Noting that activism can range from speaking at a rally to making Spam musubi for a community event, she added, “I think women show up in so many different ways in holding families together, in caring for our communities and standing up and raising their voices for what’s right.”
Women in Leadership
Asmaa Ahmed said that women play a major role in CAIR. “We have several chapters where the executive directors are women … Our office in San Francisco, that executive director is also a woman … Her name’s Zahra Billoo. She’s a prominent civil rights activist. And at CAIR LA, our operations director is a woman. I’m in a management position. Also our immigrant rights center is managed by a woman … Throughout CAIR we really believe in women, especially women of color, in positions of power.”
Wilbur Sato from Terminal Island recalled that women in his community assumed leadership roles when the men were rounded up following Pearl Harbor.
Reflecting on the film, she said, “After 9/11, the Japanese American community was the first community to come forward and show support to the Muslim American community, and to CAIR in particular. So that’s why this community is really near and dear to our hearts … Since then, time and time again the Japanese American community has shown up for us. We did a ‘No Muslim Ban Ever’ rally last year in L.A. and we started it at the Japanese American Cultural and Community Center …
“I would just tell young woman today that it’s important to learn how you behave in this world as an impacted individual but also as an ally, and the most important thing about being an ally is that you support and you strengthen, but then you step back because at CAIR we believe in uplifting voices that are the most impacted.”
Women also play a prominent role in the ACLU, said Sameer Ahmed. “For many, many years, Ramona Ripston was probably one of the leading civil rights activists in Southern California. Currently I think more than half of our project directors are women, including my boss, Jennie Pasquarella. She’s the head of our immigrant rights project and I would say one of the leading immigrant rights lawyers not only in L.A. but around the country …
“Donald Trump wants to do this extreme vetting program with Muslim immigrants and we filed a class-action lawsuit. Jennie not only uncovered that program … but now is the lead lawyer in this lawsuit across the entire country, representing immigrants affected by these programs.”
As for his take on the film, Ahmed said it is relevant in view of Trump’s policies that are making immigrants “feel that they don’t belong here,” such as the Muslim ban. “What these women experienced in these camps are much worse than things, thankfully, that are going on now. And we can learn a lot from their resilience, we can learn from how they stayed strong when they were in the camps, and how the next generation is standing up and speaking out to help make sure things like this don’t happen again.

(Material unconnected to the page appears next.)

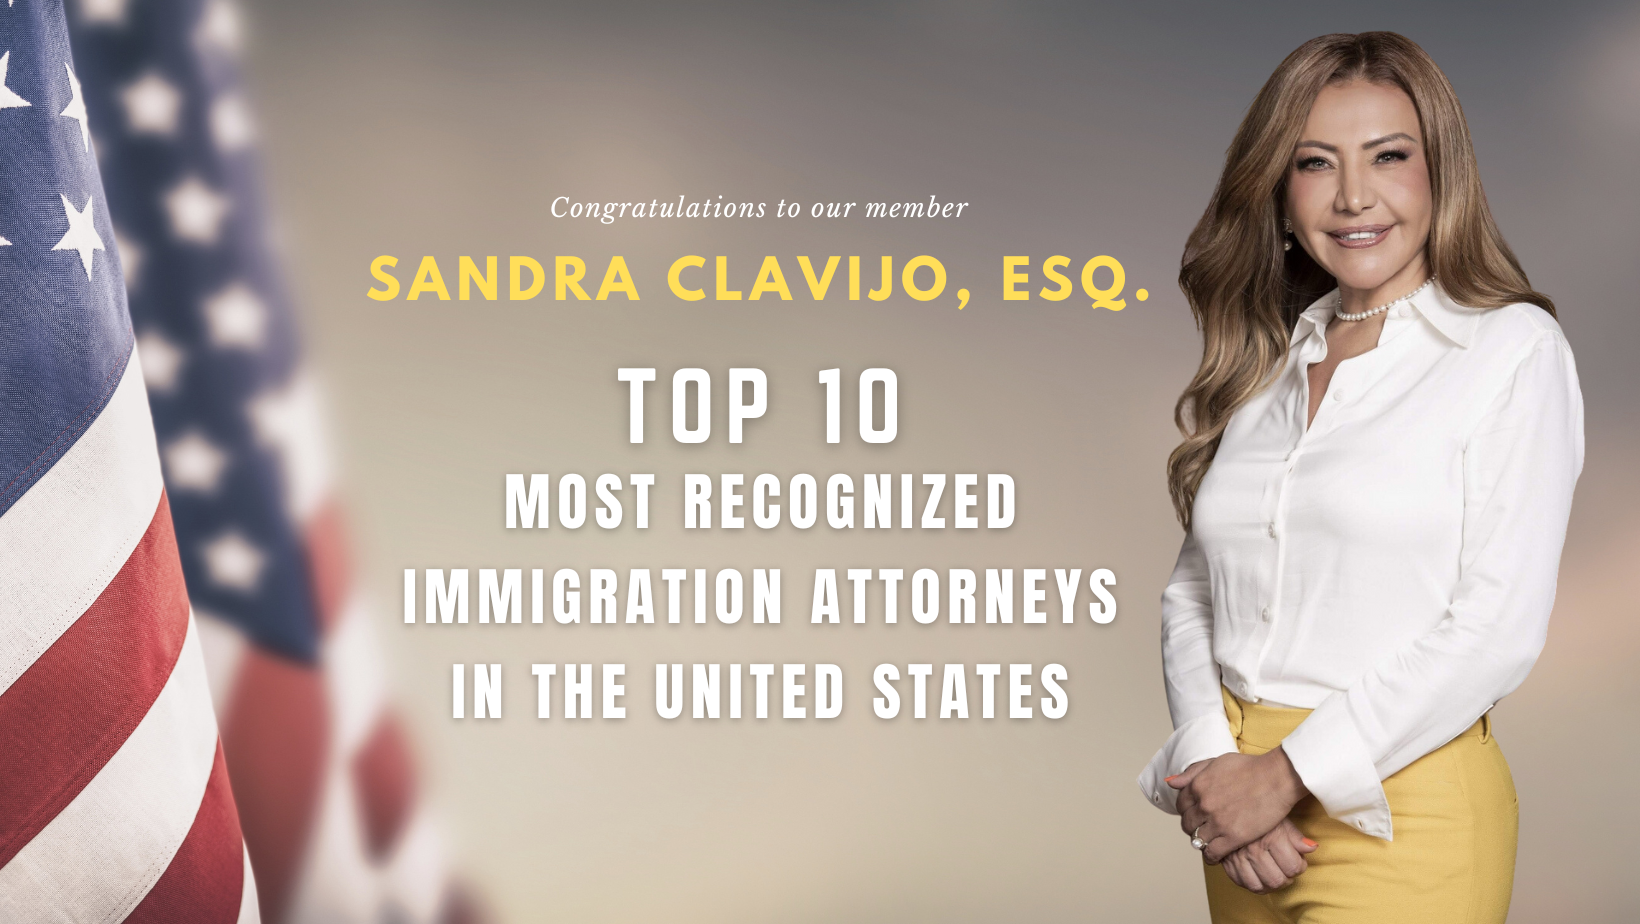 Embracing Excellence: Congratulations to Sandra Clavijo as one of the top 10 most recognized immigration attorneys in the United States

“The Muslim community is a very small percentage of the United States. We can’t fight back against these policies unless we have allies in other communities. I think that’s really, really important.”
Boy Scout Troop 683 posted the colors. Other special guests included Hamilton Cloud, aide to Rep. Maxine Waters, Gardena Mayor Tasha Cerda, and Gardena City Councilmember Rodney Tanaka. Food was provided by Gardena Bowl and @Home Kitchen. The program was supported by a grant from Los Angeles County Board of Supervisors Chairman Mark Ridley-Thomas, and had 28 community supporters.